Эшафот забвения
…Когда я прочла один и тот же абзац из Микки Спиллейна дважды. Серьга недовольно поинтересовался:
– О чем ты только думаешь?
– Ни о чем. Мне некогда думать. Я внимательно слежу за развитием сюжета.
– Он тебя заинтересовал, я вижу. – Серьга хмыкнул и потер слепые глаза.
– Не то слово как заинтересовал. С нетерпением жду развязки.
– Я не о книге. Я об этом режиссере, о котором Федька рассказывал.
– Да, – нехотя призналась я, – в проницательности тебе не откажешь.
– И что ты думаешь?
– Ненавижу таких типов. С гипертрофированным чувством собственной значимости и мозгами, имплантированными от бабочки-капустницы.

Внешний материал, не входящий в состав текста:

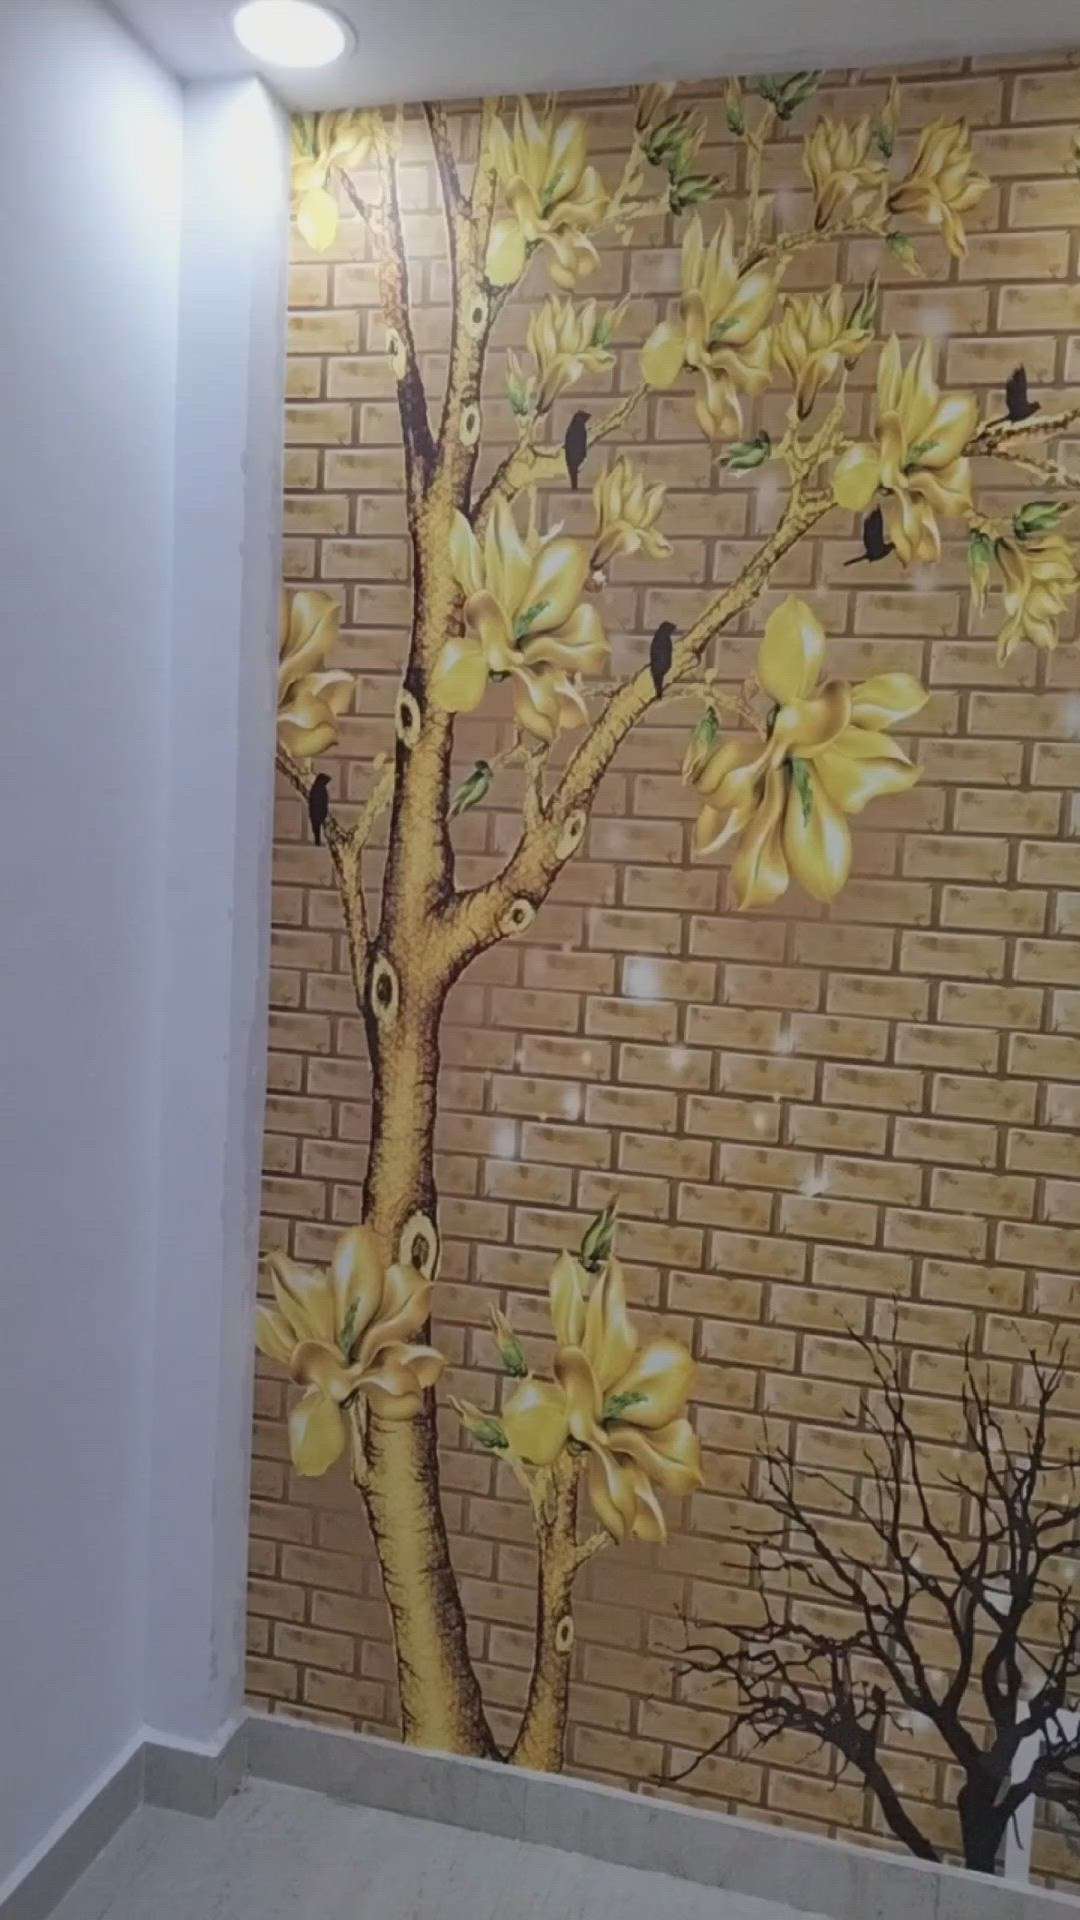 #WALL_PAPER  #NEW_PATTERN  #interiorwallpaper  #HomeDecor  #InteriorDesigner  #customized_wallpaper  #homedecoration  #trendingdesign  #uniquedesigns  #LivingRoomWallPaper  #BedroomDesigns  #diningroomdecor

Их нужно ставить на место, иначе они развалят всю иммунную систему человечества.
– Ладно, ладно, успокойся, – осадил меня Серьга. – Если хочешь, закончим на сегодня.
– Нет уж, добьем хотя бы главу, – мужественно сказала я и начала многострадальный абзац в третий раз: “Белая шволочь! Ты продолжаешь шмеяться над полицией! Где ты взял эти щто долларов?!"
* * *…Я не опоздала ни на минуту, но Бубякин встретил меня на выходе из метро недовольной гримасой. Ему даже не пришло в голову взять у меня тяжелый планшет с картинами:
"Сама вызвалась, дура чертова, сама и дотащишь”. Мы загрузились в троллейбус, автономно друг от друга пробили талоны и в полном молчании добрались до “Мосфильма”. Молчание не тяготило меня, наоборот, я даже почувствовала нежность к хакеру-неудачнику: когда-то студия была частью моей жизни, и теперь мне нужно подготовиться к встрече, только и всего.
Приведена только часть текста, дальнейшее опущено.